Ante un texto de estas características, Valentín Orozco apuesta por un ritmo aletargado, donde la atención en escena se basa en la disparidad energética de las dos personajes: Mientras que Doña Flora es un personaje parsimonioso y mistificado que reconoce su trabajo como la reparación simbólica de las víctimas, Alejandra aparecerá como un personaje un tanto estridente por su cotidianidad, su encuentro genera la suficiente incertidumbre para interesarnos en su relación.

La decisión más arriesgada de la puesta en escena resulta la iluminación ensombrecida; usando el hecho de que las acciones escenificadas acontecen por la madrugada, Orozco crea en el escenario un lugar casi invisibilizado, donde sólo algunas siluetas se adivinan. Un no-lugar donde casi pueda suceder ese resarcimiento simbólico. Este no-lugar también provoca que las convenciones del montaje sobre el afuera (en donde sucede el conflicto) sean ambiguas, a veces el extremo del escenario señala un cambio de tiempo y es suficiente para apuntar el afuera,  y en otros momentos, la actriz se pasea entre el público como parte de la misma casa, y el afuera se aleja.

La gran virtud del montaje es la relación entre las actrices, que haciendo un trabajo detallado en el diseño de sus personajes, logran crear una atractiva dinámica entre ambas que no pierde ritmo. Claudia Fragoso sabe contener su energía para obligar al ritmo creado con Urbina a emular a esos tiempos muertos donde uno dialoga sobre todo y nada.

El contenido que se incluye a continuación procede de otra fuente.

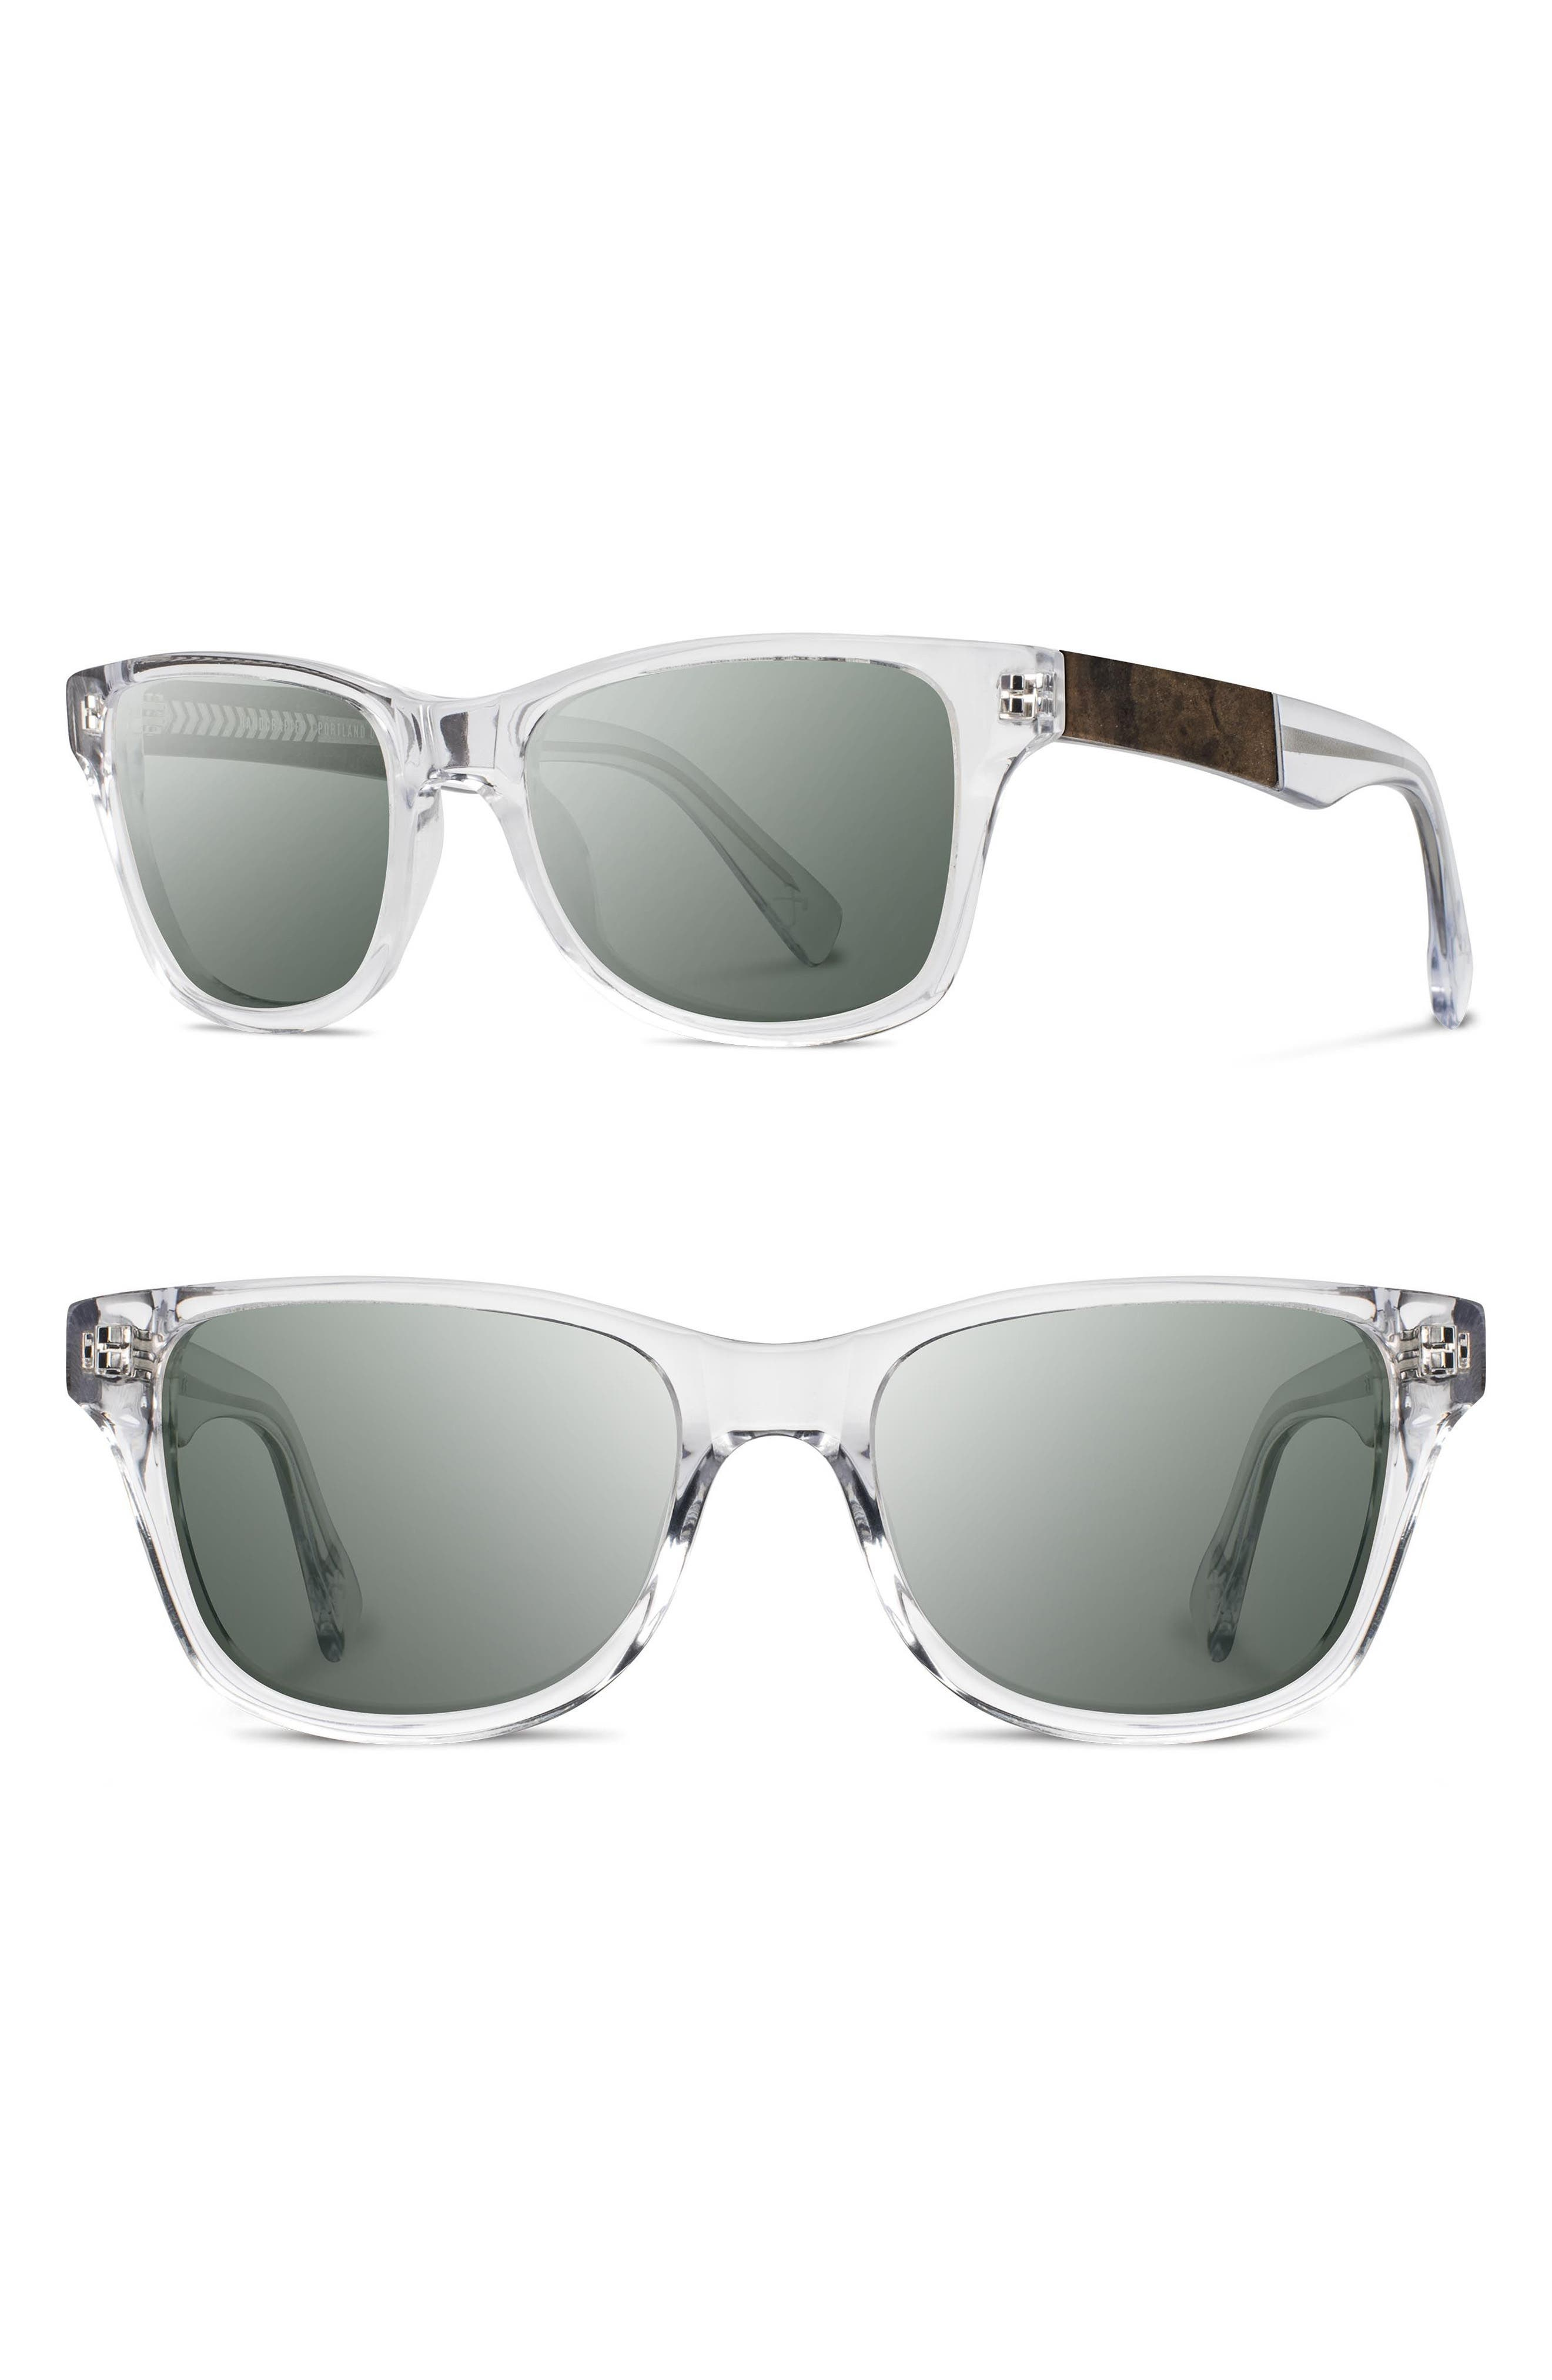 SHWOOD 'Canby' 54mm Acetate & Wood Sunglasses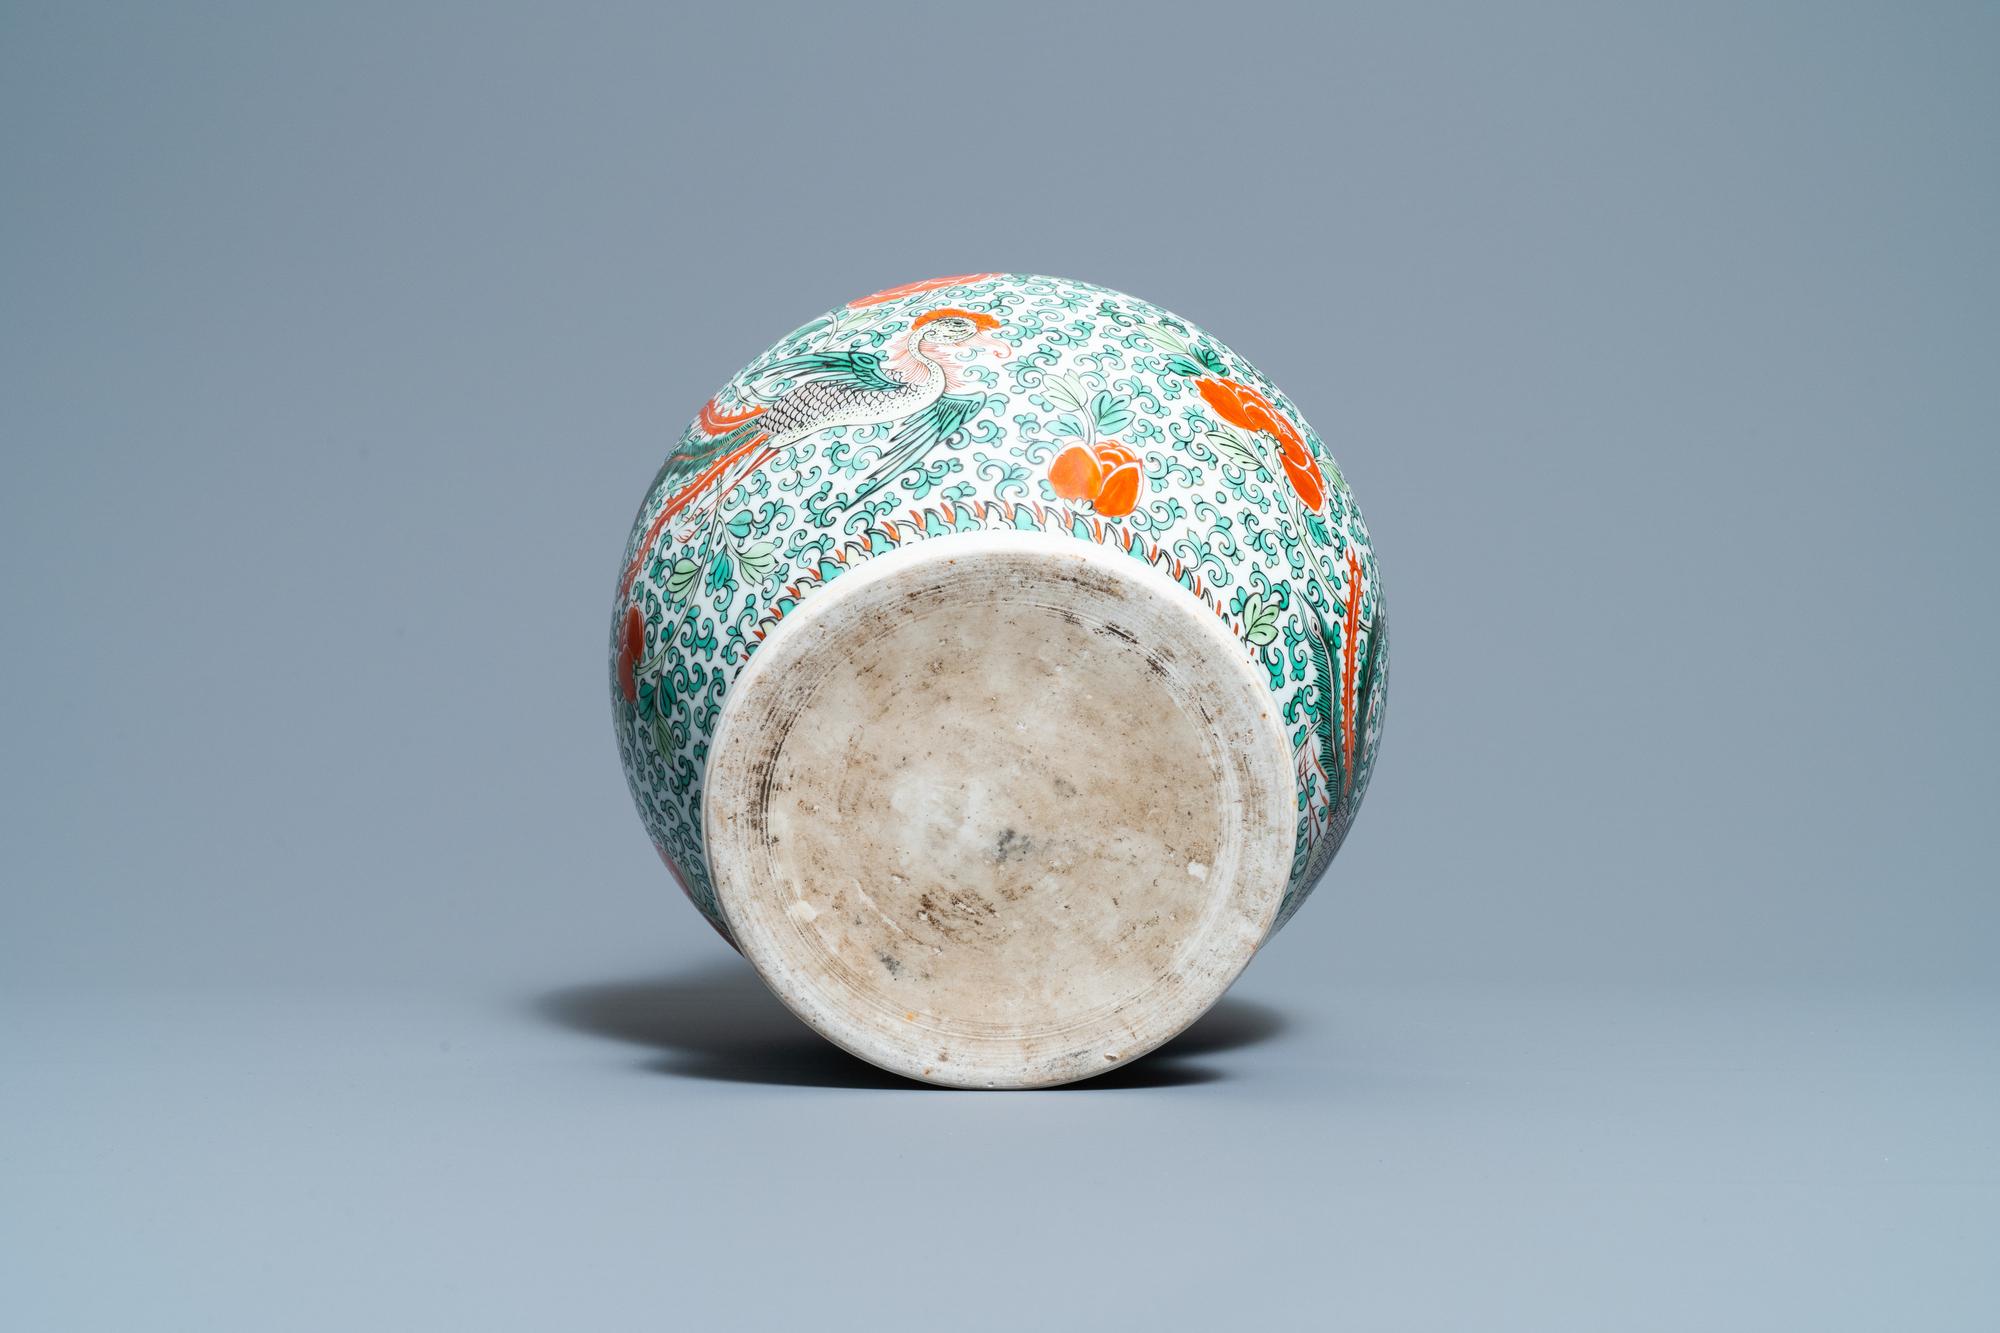 A Chinese 'wucai' phoenix vase, Chenghua mark, 19th C. - Image 6 of 6

La obra se experimenta como un ritual para reparar la herida que la violencia que seguimos viviendo genera en el cotidiano. Desapareciendo algún tipo de relación familiar entre las dos mujeres de la obra, sus conversaciones se vuelen una deriva por el mar de dolor por el que ambas se saben partícipes. Sin embargo, esto llega a resultar incómodo y cansino como espectador dada la dificultad de seguir en penumbras un texto contemplativo.

De la mancuerna que realizan Larissa Torres y Valentín Orozco (apoyados desde la producción por Ateri Miyawatl), me atrevo a señalar un instante en el que se aprecia su diálogo poético: En el texto, Alejandra tiene que llevar ropa que le haya sido ofrecida por sus dueños para proteger las plantas de cempaxúchitl, por lo que elige usar la ropa que ha sido abandonada en el hospital por los caídos en el conflicto. En el montaje, la ropa se encuentra en los respaldos de la butaquería y Alejandra se la solicita al público, es el público quien ofrece la ropa voluntariamente, ropa que no es suya pero que la entrega para participar del rito escénico. Con este juego Orozco potencia el texto de Torres para cuestionarnos si acaso es del lado del público donde habita la voluntad que hace falta.

Además de la temporada que casi termina en el foro La Ceiba, este montaje se presentará en agosto en la ciudad de Buenos Aires, Argentina para culminar el proceso de maestría en dramaturgia que Larissa Torres realizó en el país del sur. Este fin de semana es la penúltima oportunidad para ver este montaje en su primera temporada.

Nota: No adjunto fotografías del montaje dado que la penumbra del escenario jugó en mi contra al momento de realizar las fotografías.